[Supplied data Boundary: Start]
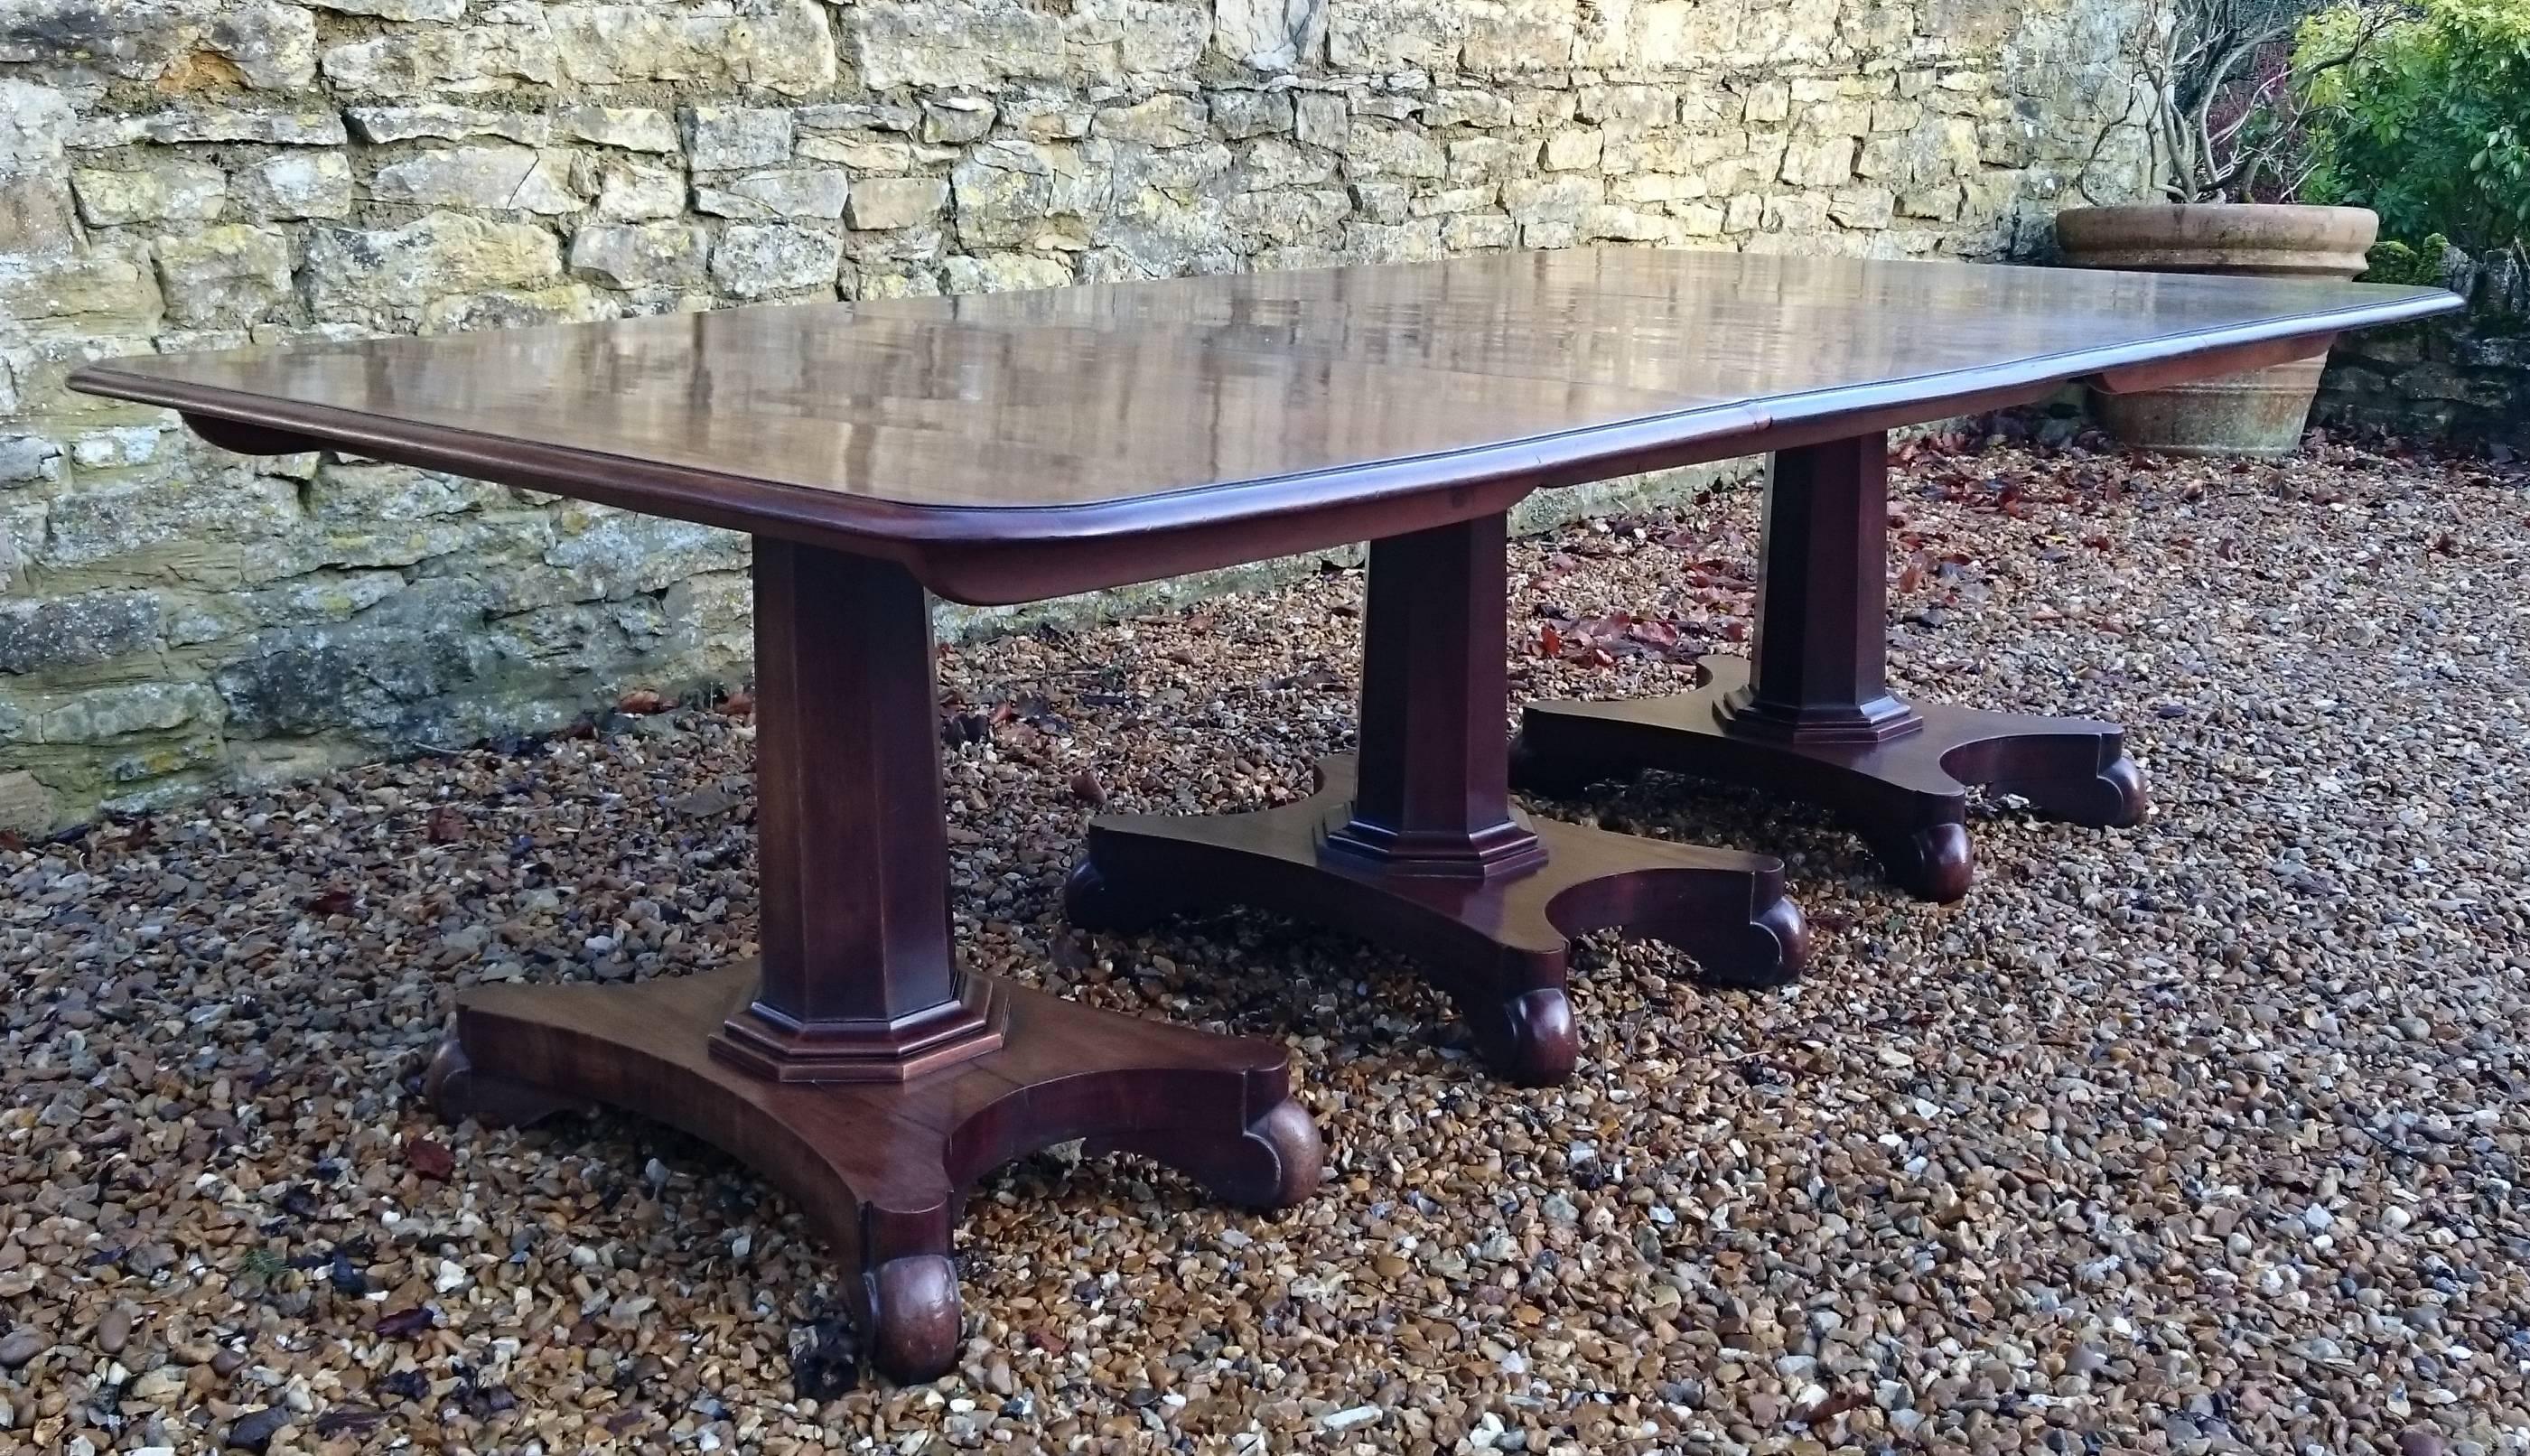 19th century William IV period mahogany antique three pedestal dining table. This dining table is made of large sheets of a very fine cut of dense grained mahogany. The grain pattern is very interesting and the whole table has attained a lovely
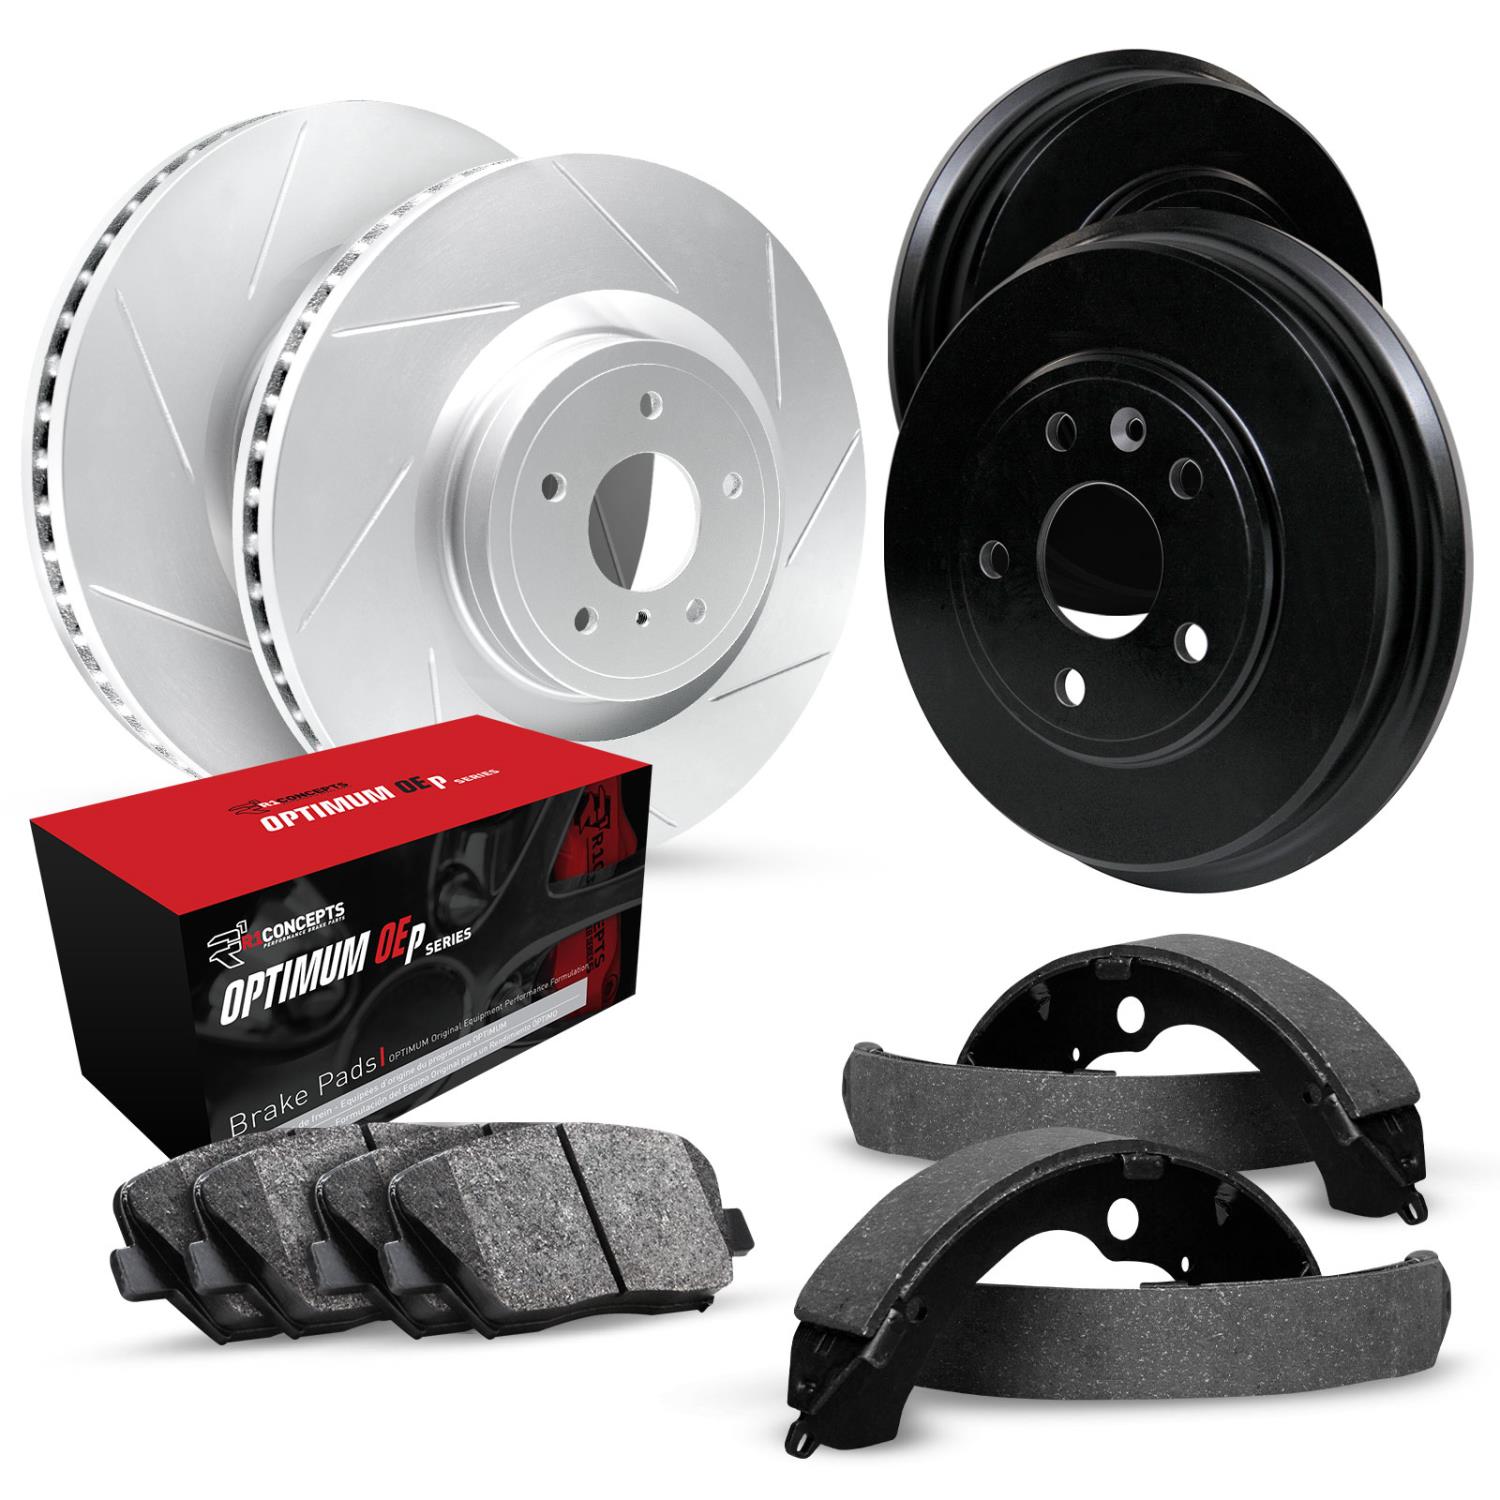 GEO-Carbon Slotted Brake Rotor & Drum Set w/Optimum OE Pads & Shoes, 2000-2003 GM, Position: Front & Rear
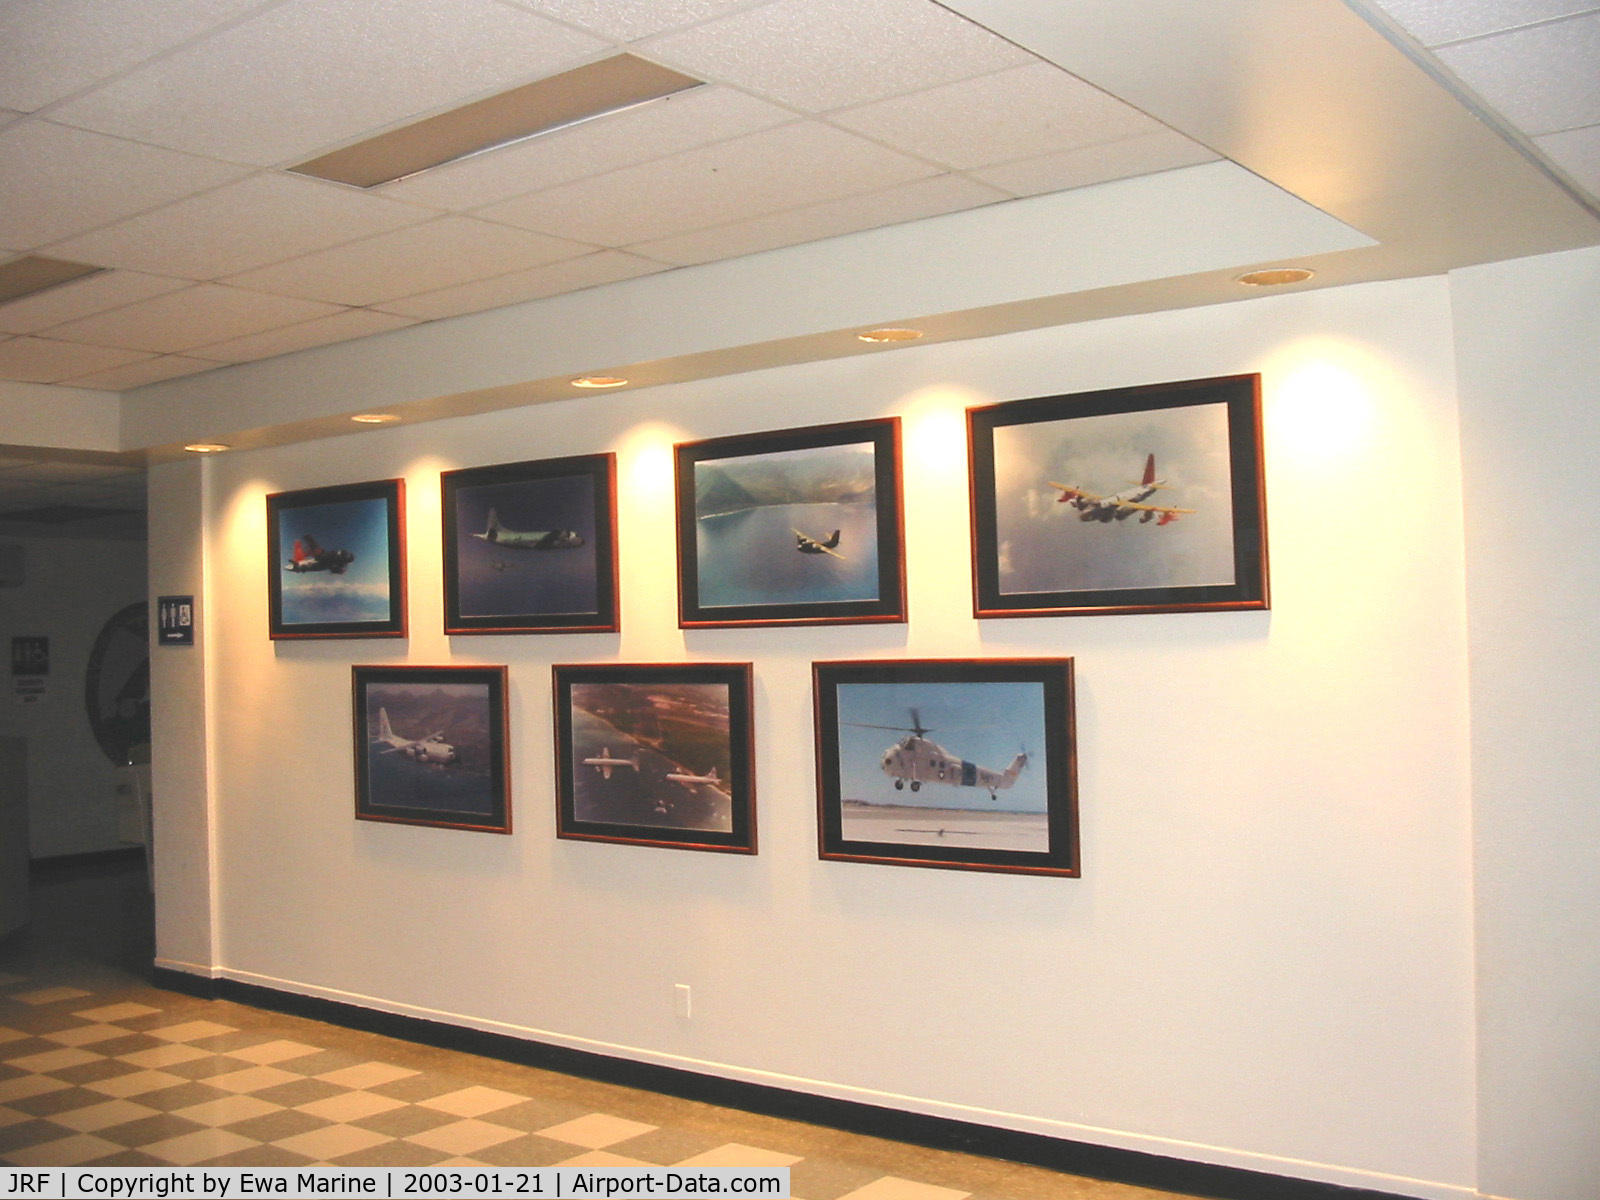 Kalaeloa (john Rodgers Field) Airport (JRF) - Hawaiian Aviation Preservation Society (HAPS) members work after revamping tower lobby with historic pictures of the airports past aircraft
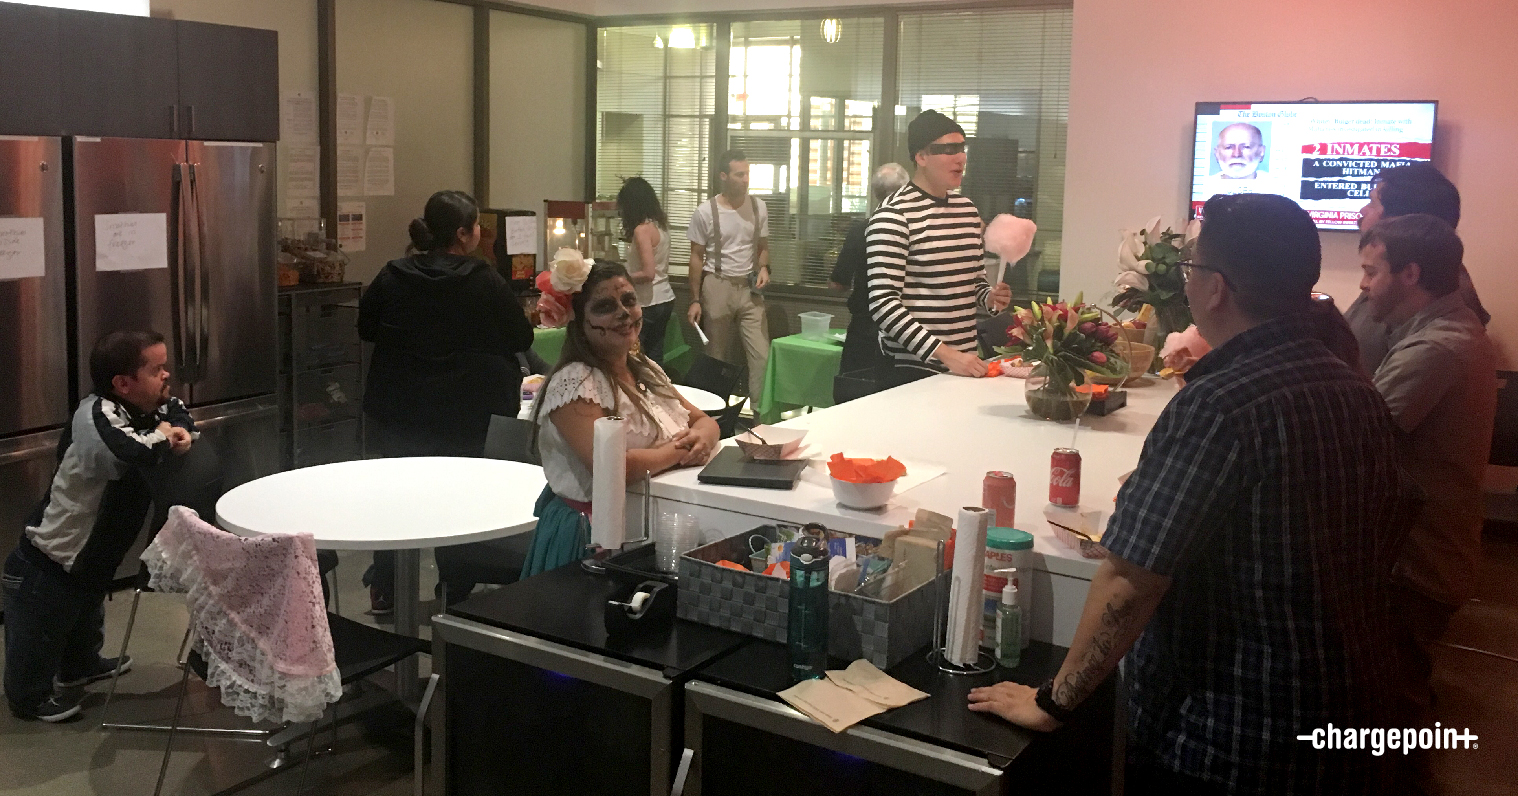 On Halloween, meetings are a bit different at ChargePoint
[Supplied data Boundary: End]
**Your assignment:**
Output only the lines running from the top of the data above to the line with "Kalaeloa (john Rodgers", inclusive, word for word and without pictures.

**Exercise output:**
 19th century William IV period mahogany antique three pedestal dining table. This dining table is made of large sheets of a very fine cut of dense grained mahogany. The grain pattern is very interesting and the whole table has attained a lovely
 GEO-Carbon Slotted Brake Rotor & Drum Set w/Optimum OE Pads & Shoes, 2000-2003 GM, Position: Front & Rear
 Kalaeloa (john Rodgers Field) Airport (JRF) - Hawaiian Aviation Preservation Society (HAPS) members work after revamping tower lobby with historic pictures of the airports past aircraft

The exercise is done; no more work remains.